= Action item =
An exact copy of the listing is required, with its pictures removed.

= Given data =
——————————

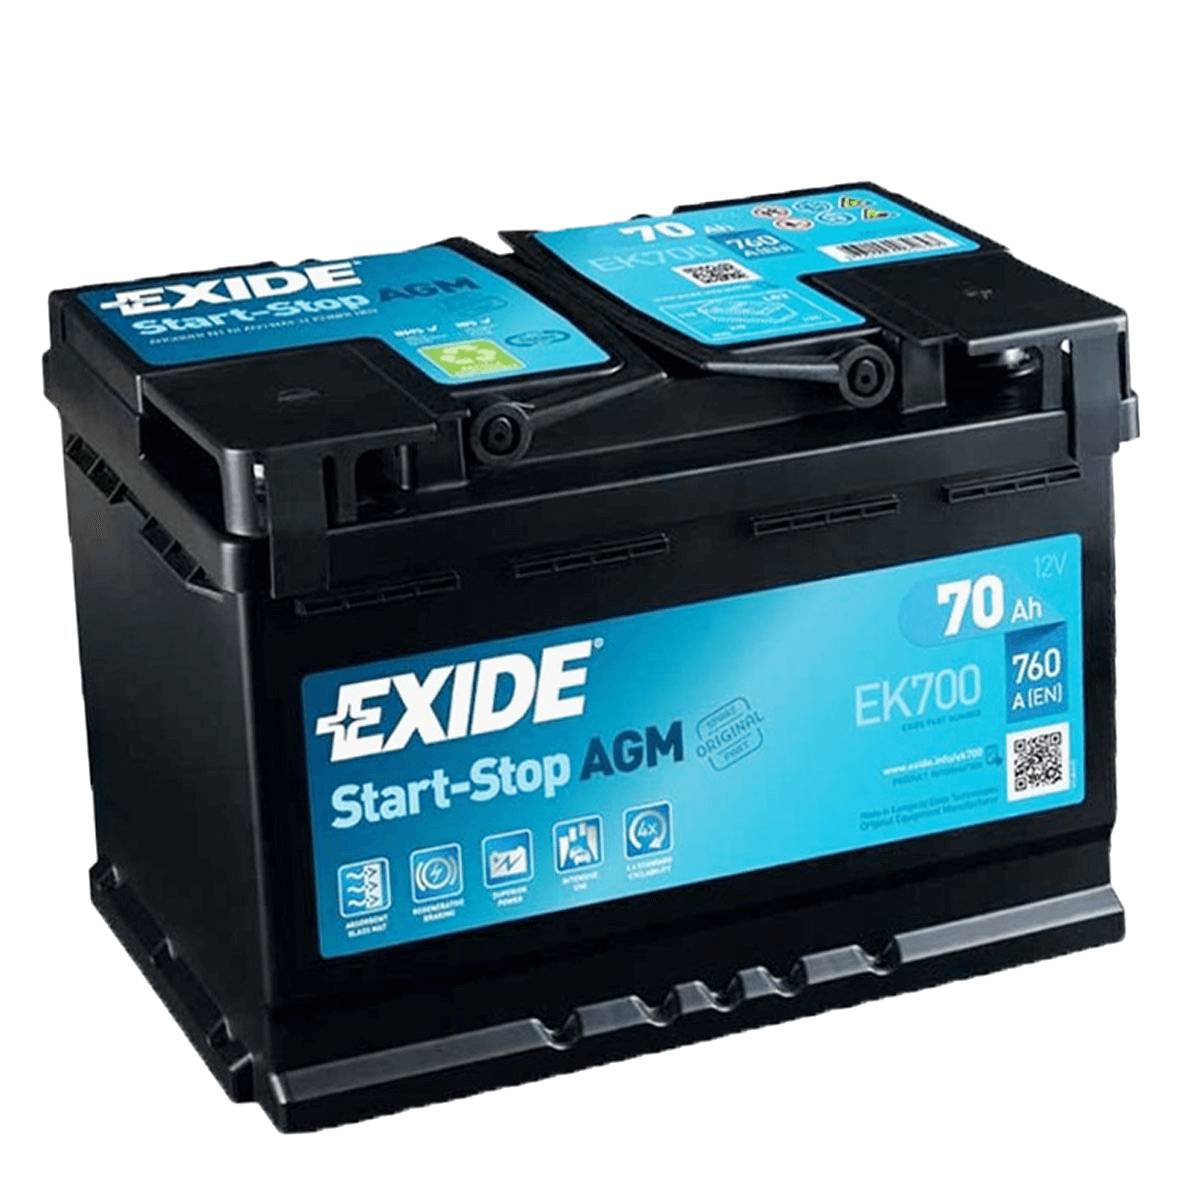 Exide EK700 Start-Stop AGM 12V 70Ah 760A batteria auto
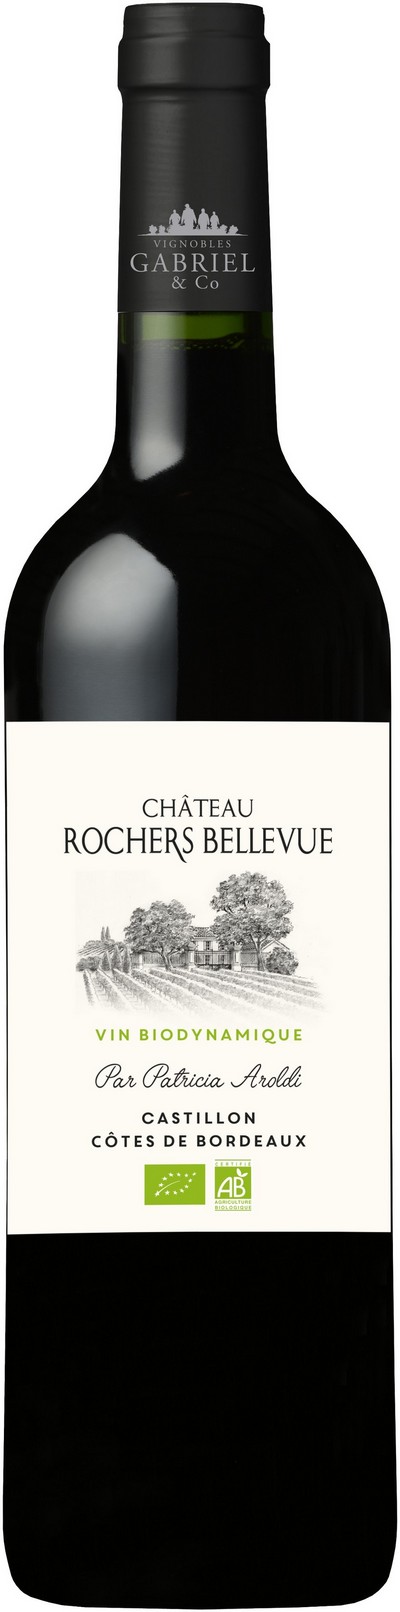 chateau-rochers-bellevue-vin-biodynamique-2019
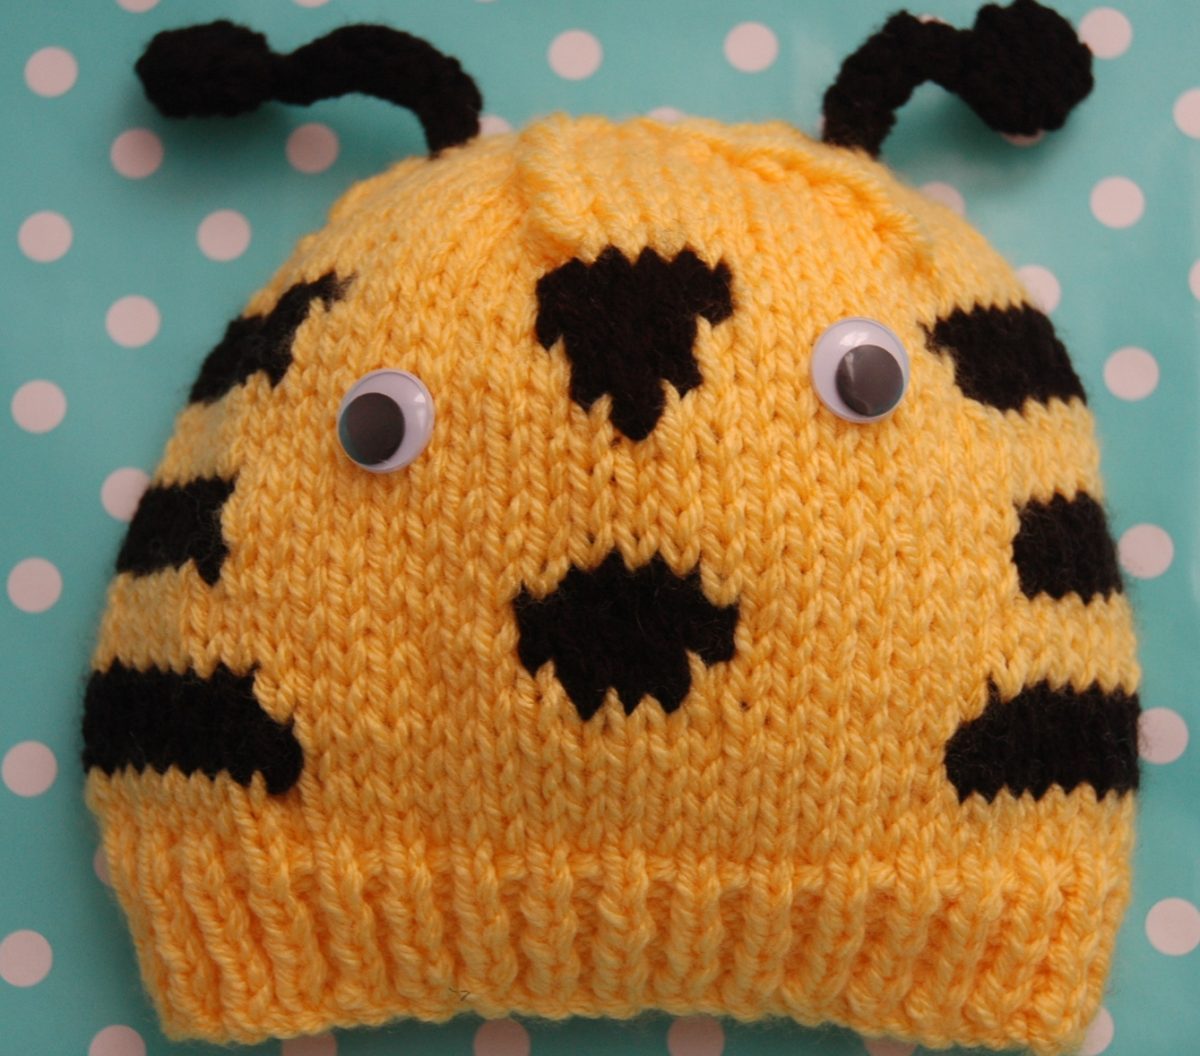 Bee hat knitting pattern

——————————

= Reply =
 Exide EK700 Start-Stop AGM 12V 70Ah 760A batteria auto
 chateau-rochers-bellevue-vin-biodynamique-2019
 Bee hat knitting pattern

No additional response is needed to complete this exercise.